Another point... Continuity equation is basically conservation of mass in terms of flow rates... and for its validity , it is assumed that no accumulation of mass occurs inside the control volume (or a certain volume of pipe under consideration).All the fluid which enters a given part of the pipe..essentially leaves that part after some time...Only under this assumption is the equation of continuity in the very simplified form valid. While in case of formation of eddies... fluid may get accumulated in the volume... and eddies lead to dissipation of energy.
Hence , the doubt you have is only due to intermixing of concepts and ignoring the very important assumptions that must be taken before considering these equations.
The differential form of the continuity equation is: where

Thank You.
Any suggestions and improvements are welcome. Shashank Moghe • Jun 22, 2015
Prashant Kumar Sharma
I have this conceptual problem which I asked many people regarding pressure velocity problem and many got confused, I later turned this problem into pressure velocity paradox.Please help me with this problem:

Suppose you take a pipe of uniform cross-section with which has got lots of bends( the setup in on a horizontal table). Now, water flows in and due to lots of bends there would be head losses and so, the pressure at the inlet would not be same as at the exit.
Now the problem is, if we apply continuity equation A1V1=A2V2 and the inlet and exit then the velocity must be same( since the area is same throughout).
But according to Bernoulli, change in pressure energy is equal to change in kinetic energy, and since the pressure has changed so should the velocity at different points.

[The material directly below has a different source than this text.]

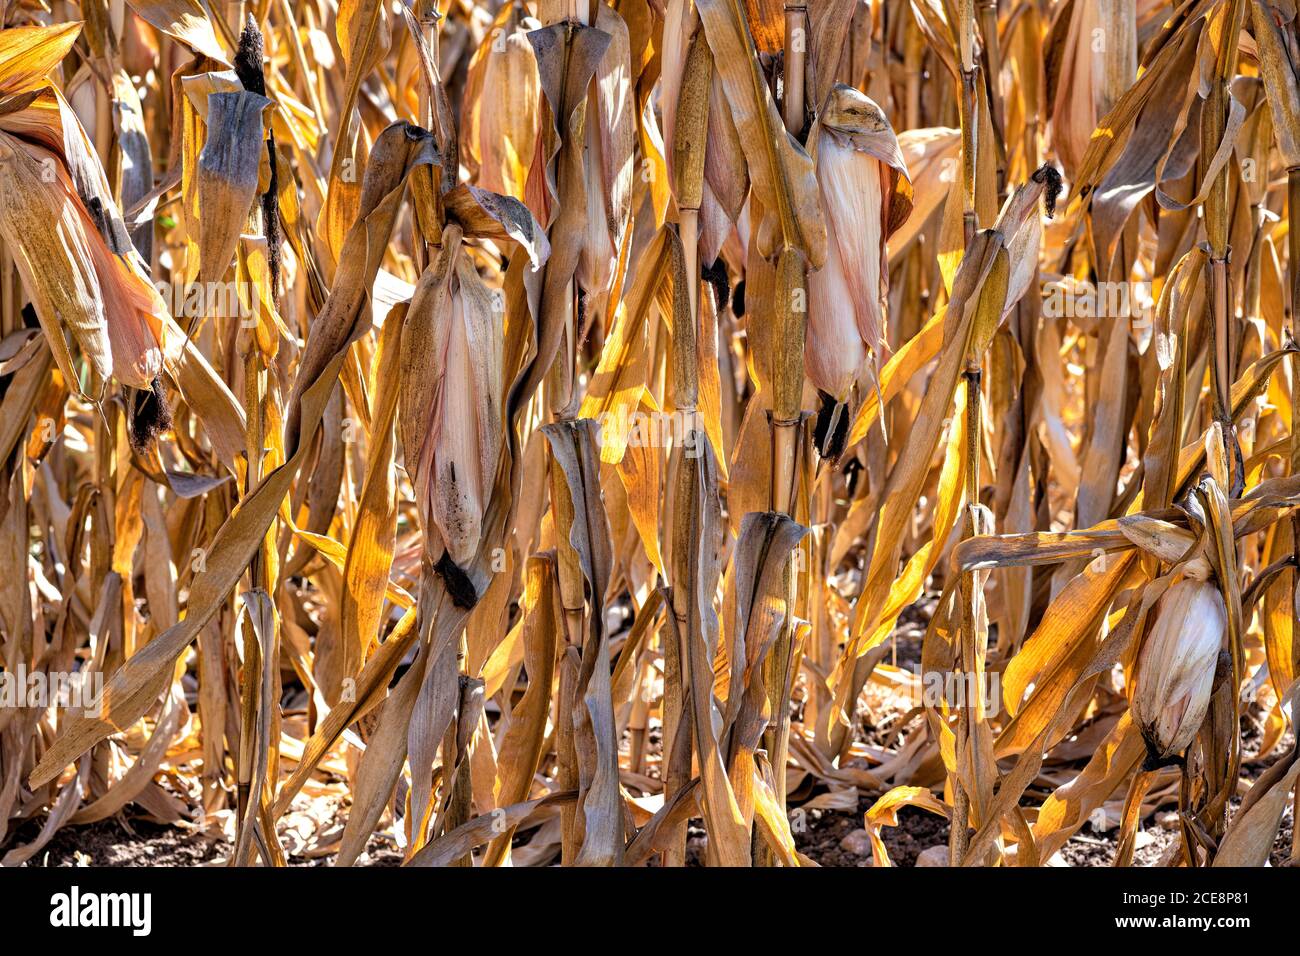 Trockene Stiele und Kugeln von reifen goldenen Mais in der Nahaufnahme der Hintergrundbeleuchtung Stockfoto

You have not taken the friction into consideration. There is energy loss at the walls of the pipe. The inlet and the outlet velocity would not be the same, unless you are considering frictionless, incompressible flow. Whenever you encounter a negation to the conservation of energy, just re-think for a second - everything clears on the second thought. rahul69 • Jun 22, 2015
Prashant Kumar Sharma
I have this conceptual problem which I asked many people regarding pressure velocity problem and many got confused, I later turned this problem into pressure velocity paradox.Please help me with this problem:

Suppose you take a pipe of uniform cross-section with which has got lots of bends( the setup in on a horizontal table). Now, water flows in and due to lots of bends there would be head losses and so, the pressure at the inlet would not be same as at the exit.
Now the problem is, if we apply continuity equation A1V1=A2V2 and the inlet and exit then the velocity must be same( since the area is same throughout).
But according to Bernoulli, change in pressure energy is equal to change in kinetic energy, and since the pressure has changed so should the velocity at different points.

If the fluid flow is steady and the liquid is incompressible, then ideally,
A1V1=A2V2, it will hold true.
Now as far as Bernoulli's equation, change of pressure energy will not be there if bend is smooth ( and cross sectional area doesnot changes).
In case of steep bends, pressure will change but cross sectional area at that point will also change, thus A2 will also change, compensating for change in velocity.

Think of it as in this way, if pipe is full of water, and u start pushing 200 ml of water each second, 200 ml of water will come out each second (as water cannot disappear in between).
I am no expert in this field, but I go with common experience that I have of physical phenomenon😀 Prashant Kumar Sharma
But according to Bernoulli, change in pressure energy is equal to change in kinetic energy, and since the pressure has changed so should the velocity at different points.
In logic, there is a statement 'A implies B'. A is true. Then B has to be true. B is true. A need not be true.
I use umbrella if it rains. It rains. So I take an umbrella. On the other hand I take an umbrella. It is not raining. I have taken the umbrella because the sun is fierce.
Likewise, decrease in pressure energy should lead to change in kinetic energy. However, it assumes that no other energy change is involved. The issue is what Shashank raised. Friction loss, which will appear as heat (Conservation law). This leads to pressure loss without affecting velocity.